Fallout 4: Kringels Ödlandtagebuch (Seite 7)

Zurück zu Seite 6


Kringels Ödlandtagebuch, dritte Woche: Das Commonwealth / Das dunkle Geheimnis der Cabots

Wie die bisherigen Tagebucheinträge ahnen lassen, wird in Fallout 4 mehr als nur eine Geschichte erzählt. Die Hauptaufgabe besteht natürlich in der Suche nach Shaun - irgendeine Motivation braucht der Held schließlich, um sich den Gefahren der postapokalyptischen Welt auszusetzen. Dennoch entscheide ich selbst, was ich wann, wo und wie tun möchte. Das Spiel macht mir diesbezüglich keinerlei Vorschriften. Ich genieße völlige Freiheit und werde nicht etwa wie am Gängelband durch die Story geleitet. Ich habe mich jetzt schon viele reale Tage lang im Ödland herumgetrieben und die verschiedensten Abenteuer erlebt, ohne auch nur eine einzige zur Hauptquest gehörende Mission erledigt zu haben. Die Hauptquest ist ohnehin nur der Anstoß zur freien Erkundung des Commonwealth, und damit hat man einiges zu tun, denn die Spielwelt soll doppelt so groß sein wie die von Skyrim. Keine Ahnung, ob das stimmt, jedenfalls ist das Commonwealth sicher nicht kleiner als Himmelsrand.
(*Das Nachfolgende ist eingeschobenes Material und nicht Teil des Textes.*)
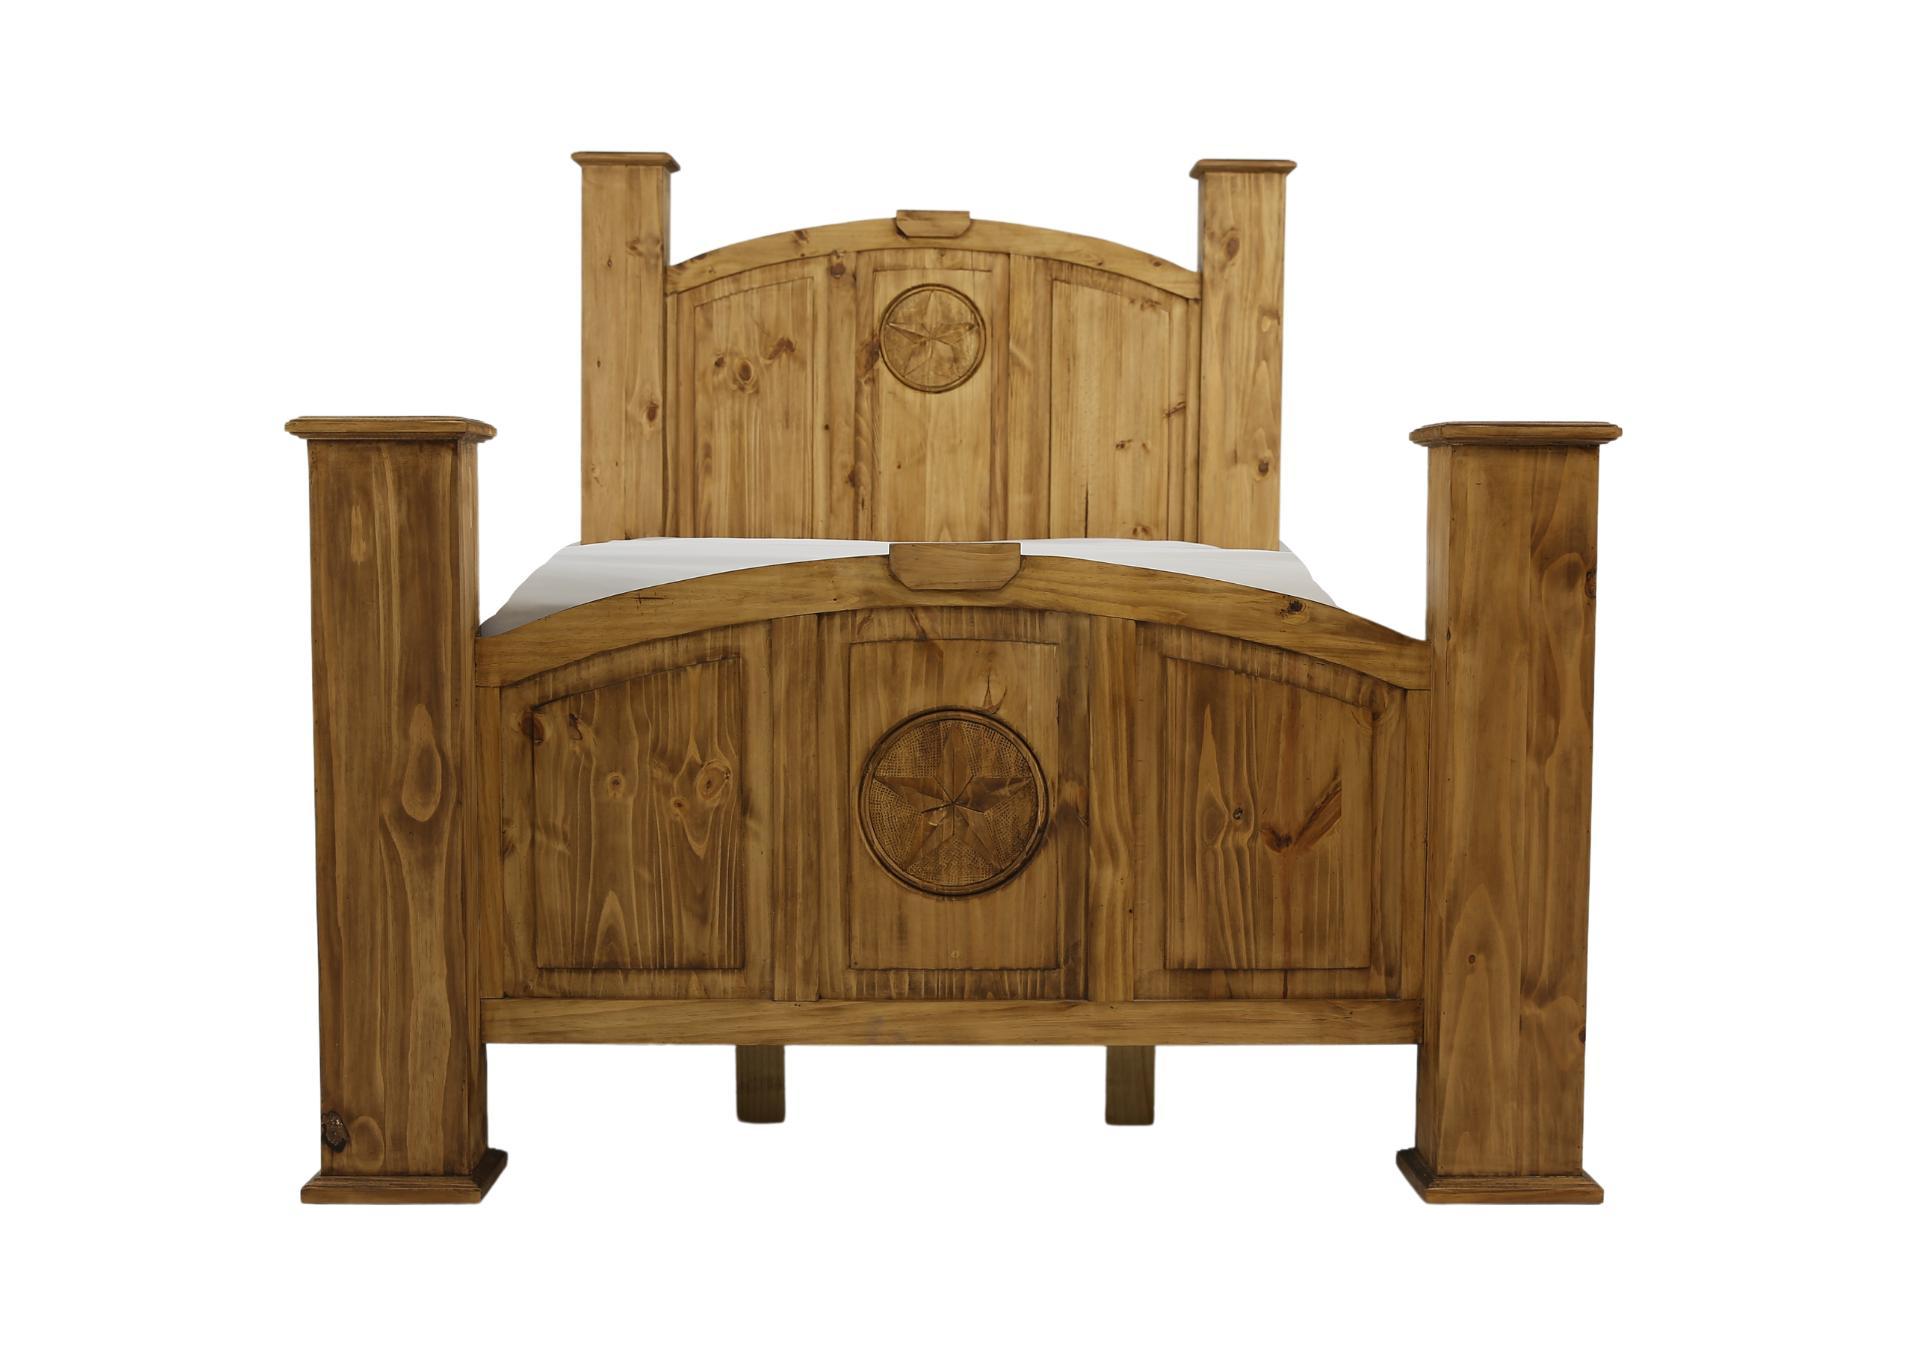 MANSION TEXAS STAR QUEEN BED

Die Spielwelt ist für mich die eigentliche Attraktion von Fallout 4. Sie umfasst so ziemlich das gesamte Stadtgebiet von Boston sowie die umliegenden Gebiete Neuenglands, zum Beispiel Natick und Concord im Westen, Quincy im Süden, Salem im Norden. Die östliche Grenze wird durch den Atlantik gebildet. Die Stadt ist ein Ruinenfeld, wurde aber nicht völlig zerstört. Die meisten Ruinen stehen leer, Hochbahnen sind herabgestürzt, Straßenzüge sind durch Trümmer und Autowracks blockiert.



Fallout 4

(Bild 29: Ein winziger Teil Bostons)


Boston wirkt größtenteils wie eine Geisterstadt, ist jedoch nicht völlig verlassen. Einzelne Bereiche wurden zu Festungen ausgebaut, in denen Menschen leben. So zum Beispiel Diamond City (siehe Seite 3) im Fenway Park-Baseballstadion und Goodneighbor in der Nähe von Faneuil Hall. In manchen Vierteln haben Raider krude Befestigungsanlagen aus Wellblech und Holz errichtet, anderswo haben sich Supermutanten eingenistet, zum Beispiel im Finanzdistrikt. Ein Schelm, der Böses dabei denkt! Viele Bauwerke können betreten werden. Hierbei ist zu unterscheiden zwischen offenen Gebäuden, die meist nur aus wenigen Räumen bestehen, und solchen mit gesonderten Innenbereichen. Durchschreitet man bei letzteren die Eingangstür, so hat man eine mehr oder weniger lange Ladepause zu erdulden und befindet sich anschließend in einer neuen Umgebung, wo die Schnellreisefunktion in der Regel nicht genutzt werden kann. Diese gekapselten Innenbereiche können deutlich größer sein, als es bei den äußeren Abmessungen des Gebäudes eigentlich der Fall sein dürfte. Das gilt auch für einige Stationen der U-Bahn.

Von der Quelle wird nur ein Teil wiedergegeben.